CONCLUSIONS: While the motor sequela is well documented, the neuropsychological impact is infrequently discussed in existing literature regarding CACNA1A (p.1661H) mutations. This case expands our understanding of the unique and varied phenotype associated with this unique CACNA1A gene variant.
METHODS: A retrospective review of the patient\'s medical record along with review of neuropsychological and neuroimaging reports.
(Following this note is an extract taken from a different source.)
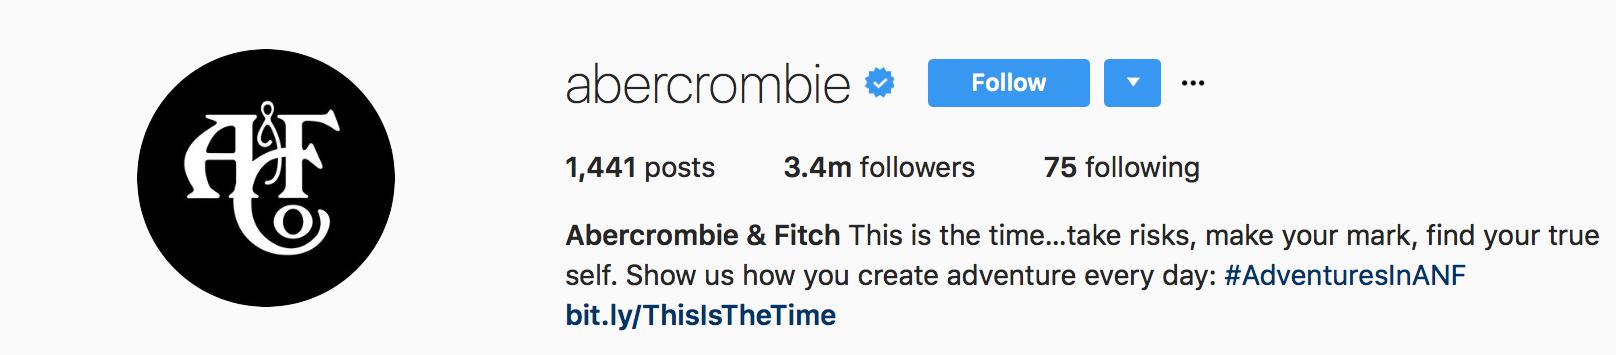 Abercrombie Instagram 2

RESULTS: Neuropsychological testing revealed a 79-year-old female who demonstrated executive, memory retrieval, construction and fine motor dexterity slowing along with dysfluency and anomia. Neurologic exam documented bilateral blepharospasm, with mild ataxia and speech disturbance (SARA total = 12). Neuroimaging revealed moderate cortical atrophy and chronic small vessel ischemia disease. Behavioral observations were notable for gait ataxia and dysarthria, as well as perseverative responding and anosognosia. She endorsed symptoms indicative of clinical levels of depression, apathy, anxiety and disinhibition. Her partner endorsed more notable executive dysfunction symptoms and functional impairment.
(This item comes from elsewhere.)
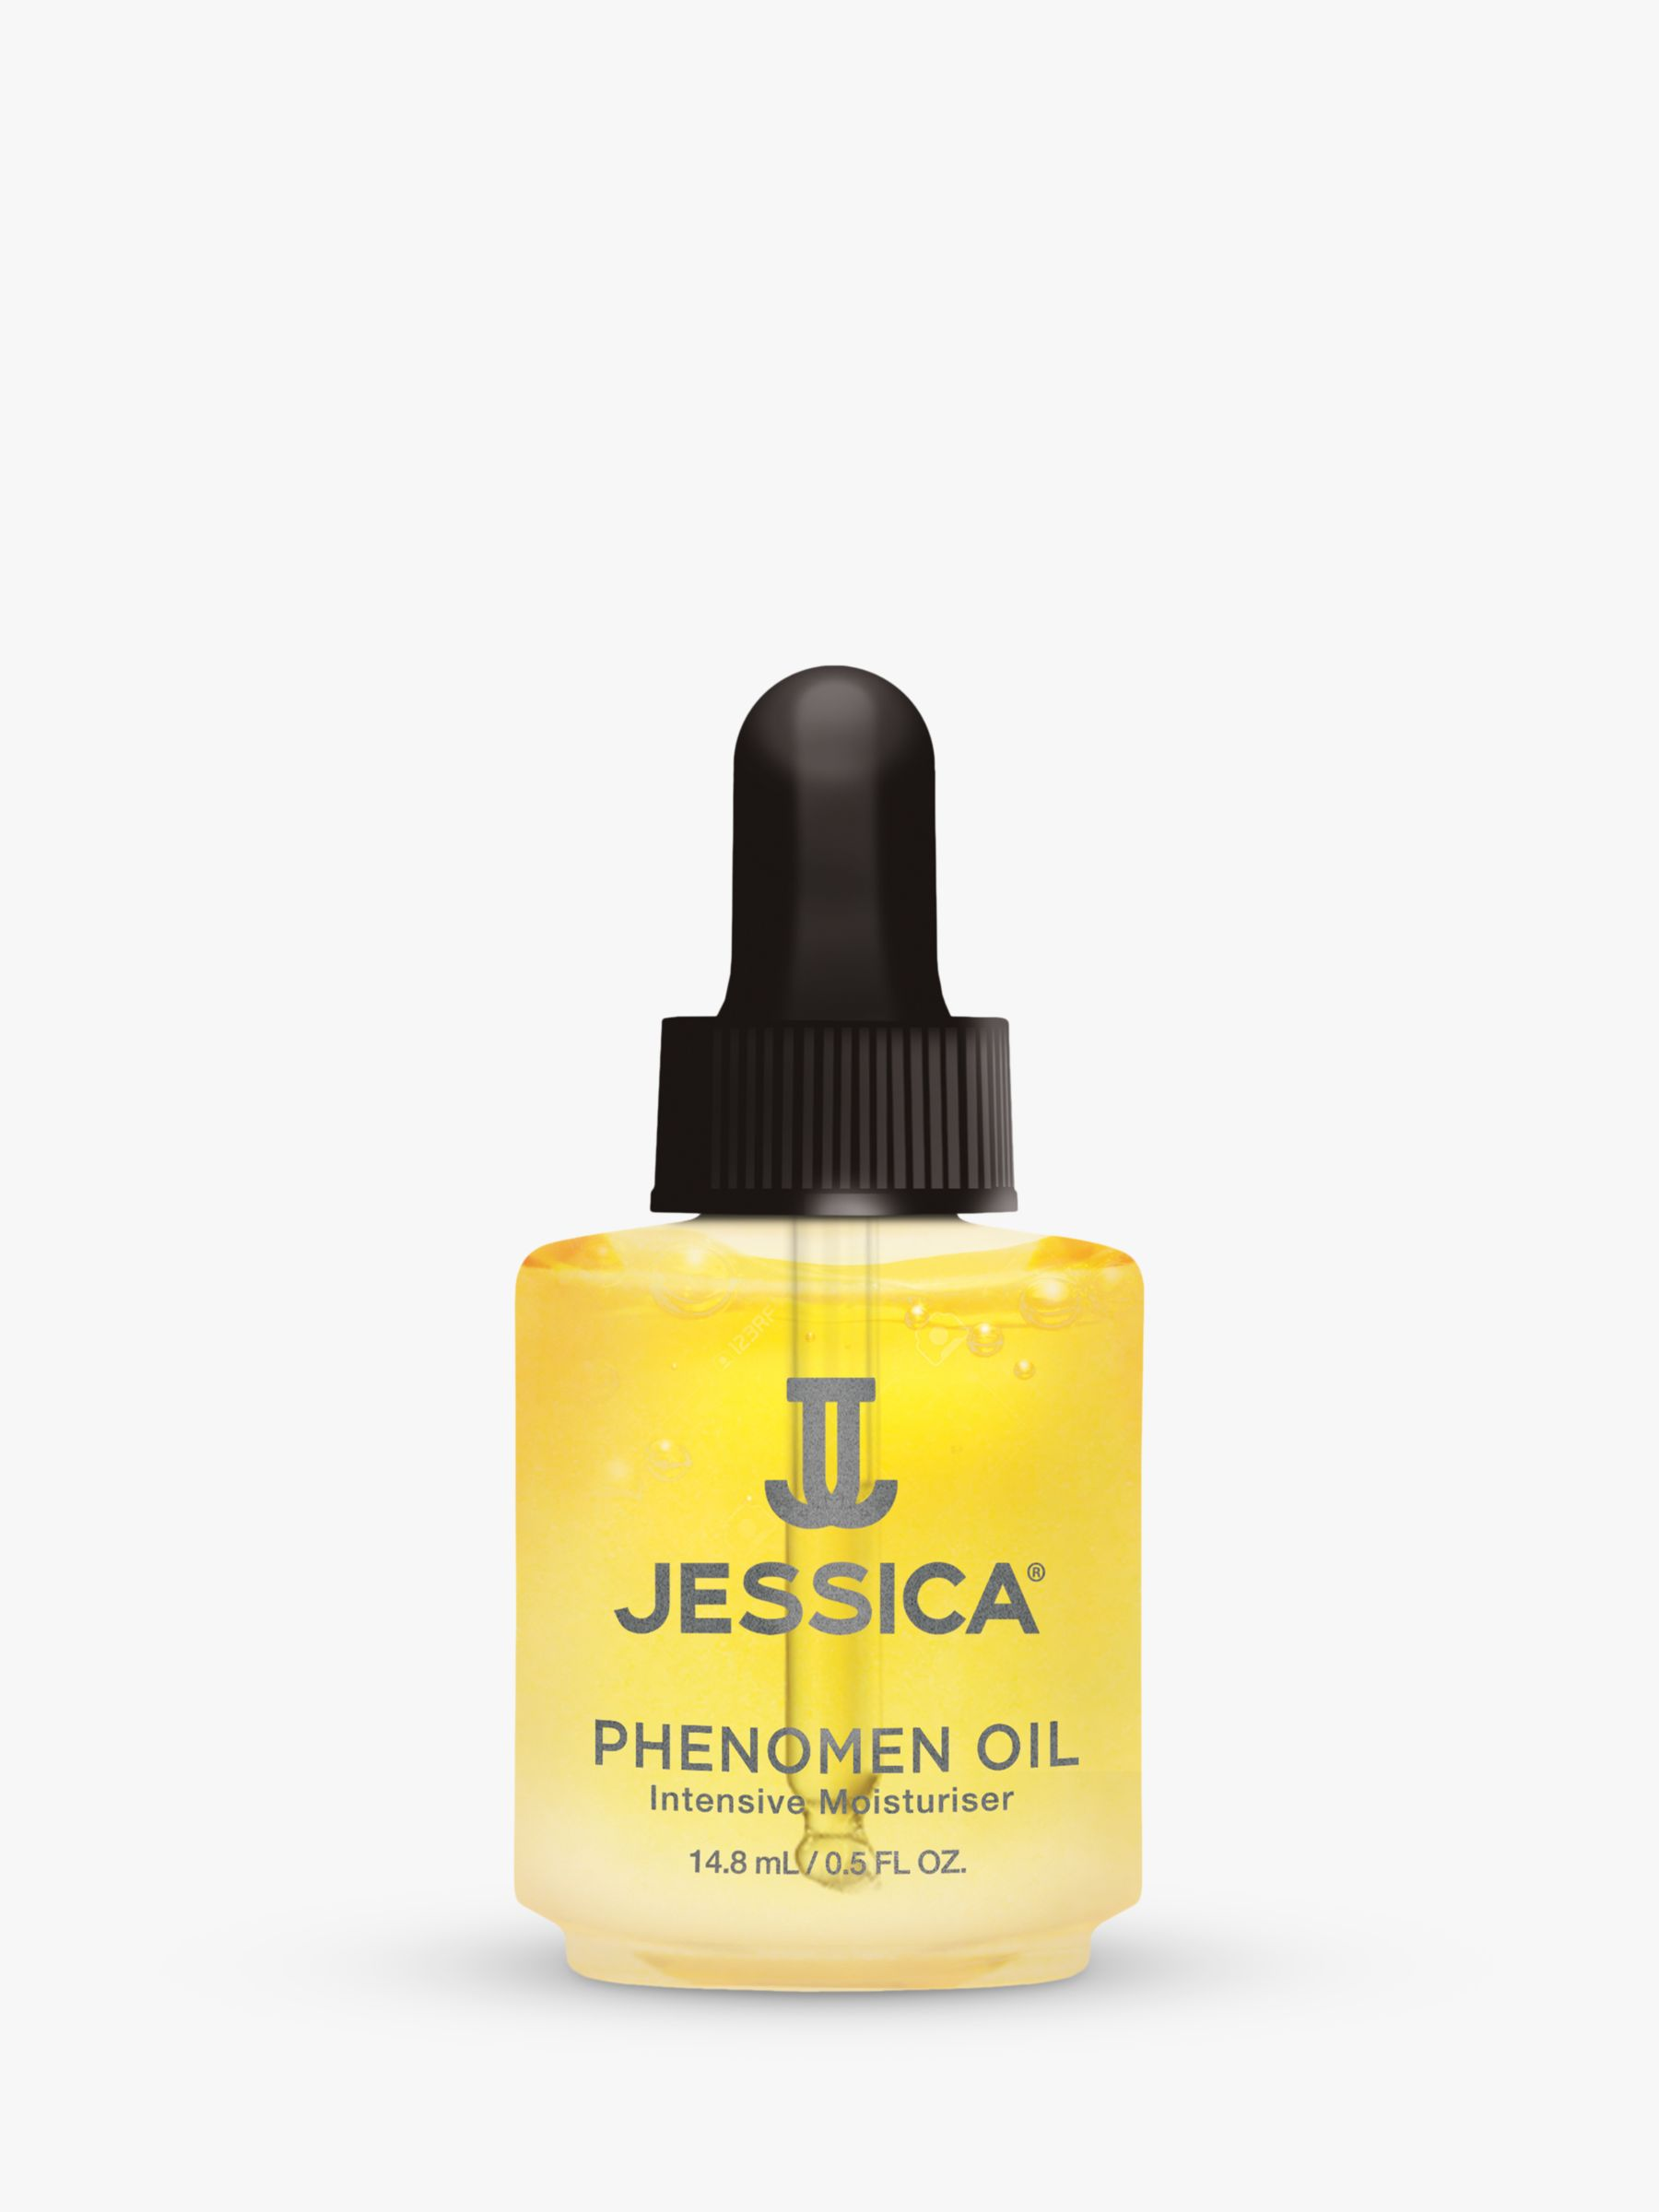 Jessica Jessica Phenomen Oil Intensive Moisturiser

CONCLUSIONS: While the motor sequela is well documented, the neuropsychological impact is infrequently discussed in existing literature regarding CACNA1A (p.1661H) mutations. This case expands our understanding of the unique and varied phenotype associated with this unique CACNA1A gene variant.
摘要:
目的:CACNA1A基因突变可引起罕见的神经退行性疾病[脊髓小脑共济失调6型(SCA6);发作性共济失调2型(EA2)],这是由染色体19p13上的常染色体显性突变引起的。研究表明,CACNA1A基因中的三联体重复突变与以晚发作为特征的SCA6相关。缓慢进行性小脑共济失调.另一方面,具有特定蛋白变体R1661H参与的CACNA1A突变与EA2相关,特征为早发性共济失调,可能伴有眩晕,复视,构音障碍,和普遍的弱点。我们介绍了一名CACNA1A基因证实突变的患者(第1661H页),尽管相关变异,但不符合EA2的表型。
方法:回顾性回顾患者的病历以及神经心理学和神经影像学报告。
结果:神经心理学测试显示,一名79岁的女性,记忆检索,结构和精细的运动灵巧度随着功能失调和失范而减慢。神经系统检查记录双侧眼睑痉挛,轻度共济失调和言语障碍(SARA总计=12)。神经影像学显示中度皮质萎缩和慢性小血管缺血疾病。行为观察值得注意的是步态共济失调和构音障碍,以及坚持不懈的反应和失认症。她认可了临床抑郁症的症状,冷漠,焦虑和抑制。她的伴侣赞同更明显的执行功能障碍症状和功能障碍。
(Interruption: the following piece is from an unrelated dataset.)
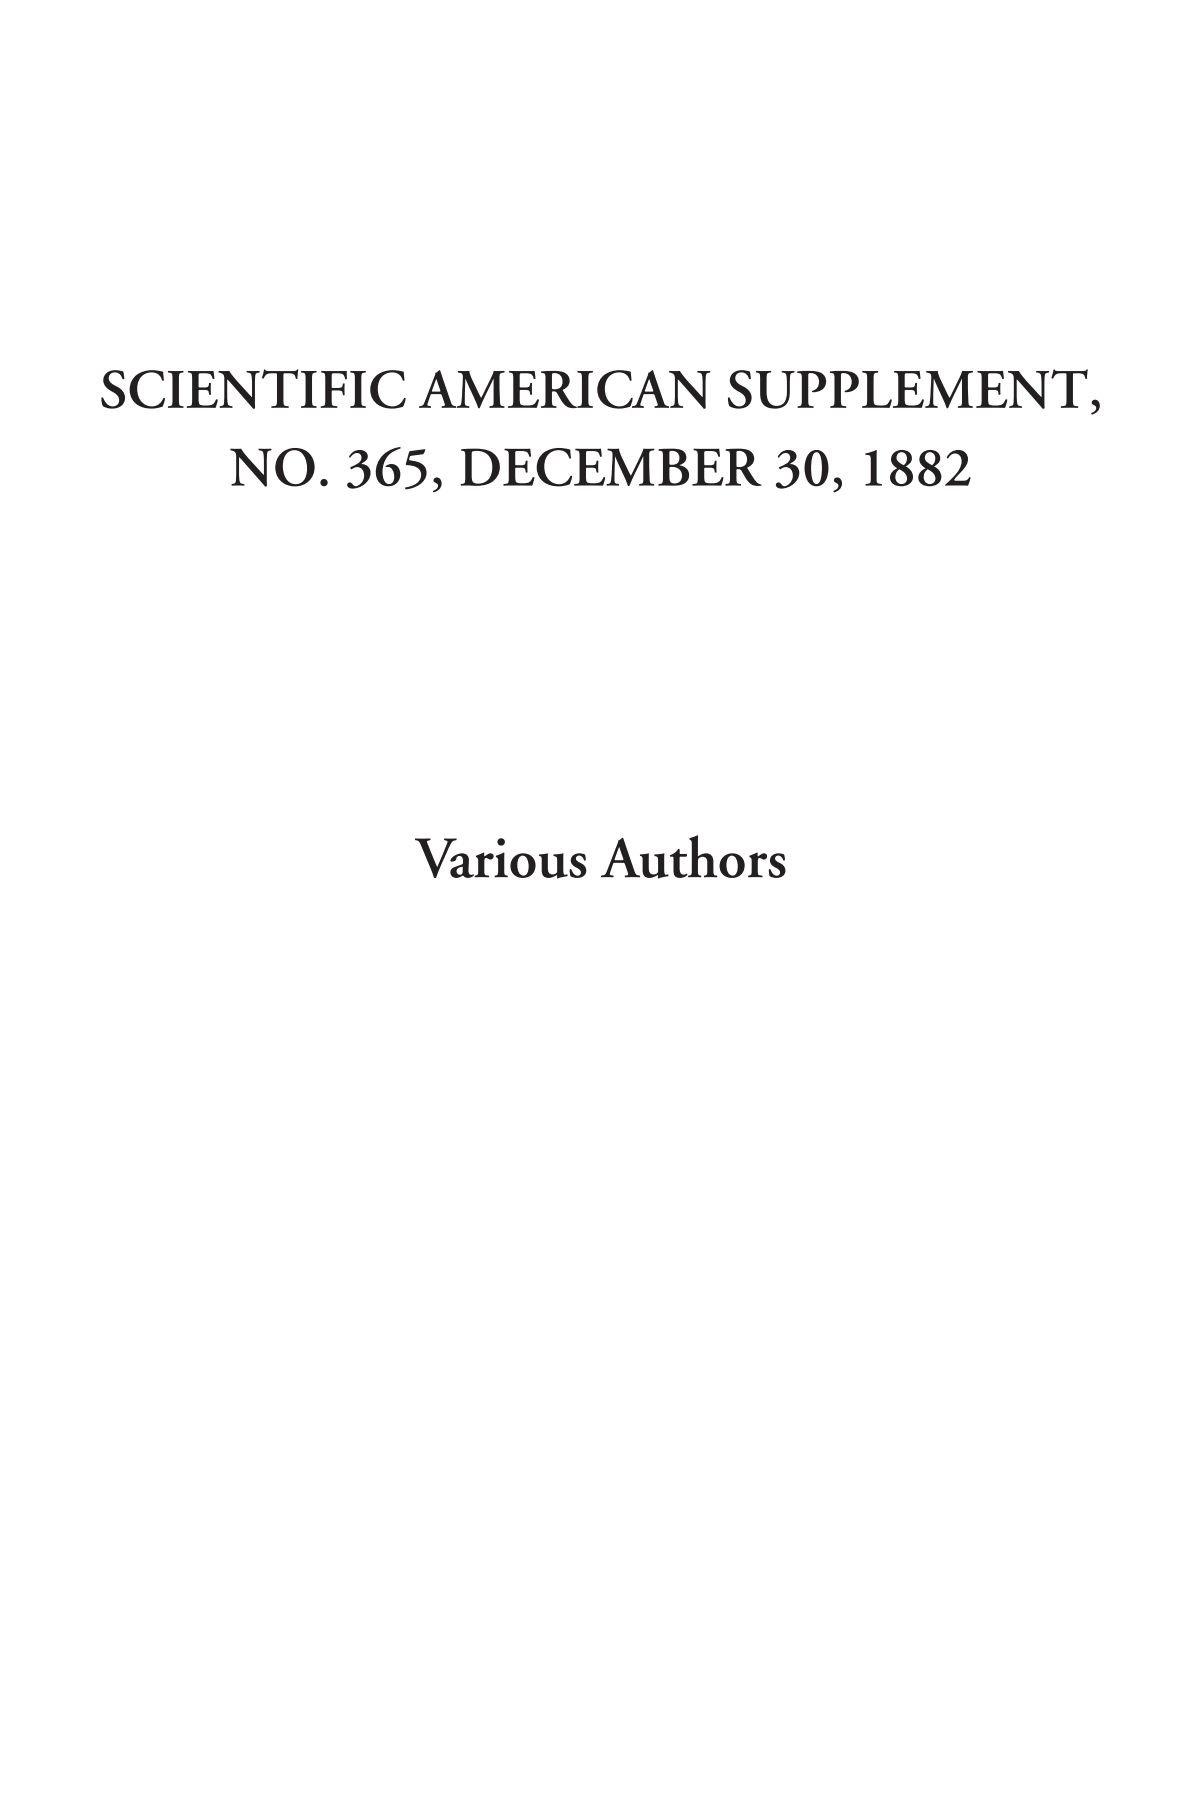 Download Scientific American Supplement, No. 365, December 30, 1882 pdf

结论:虽然运动后遗症有很好的记录,关于CACNA1A(p.1661H)突变的现有文献很少讨论神经心理学影响.这种情况扩展了我们对与这种独特的CACNA1A基因变体相关的独特和变化的表型的理解。
方法:回顾性回顾患者的病历以及神经心理学和神经影像学报告。
结果:神经心理学测试显示,一名79岁的女性,记忆检索,结构和精细的运动灵巧度随着功能失调和失范而减慢。神经系统检查记录双侧眼睑痉挛,轻度共济失调和言语障碍(SARA总计=12)。神经影像学显示中度皮质萎缩和慢性小血管缺血疾病。行为观察值得注意的是步态共济失调和构音障碍,以及坚持不懈的反应和失认症。她认可了临床抑郁症的症状,冷漠,焦虑和抑制。她的伴侣赞同更明显的执行功能障碍症状和功能障碍。
结论:虽然运动后遗症有很好的记录,关于CACNA1A(p.1661H)突变的现有文献很少讨论神经心理学影响.这种情况扩展了我们对与这种独特的CACNA1A基因变体相关的独特和变化的表型的理解。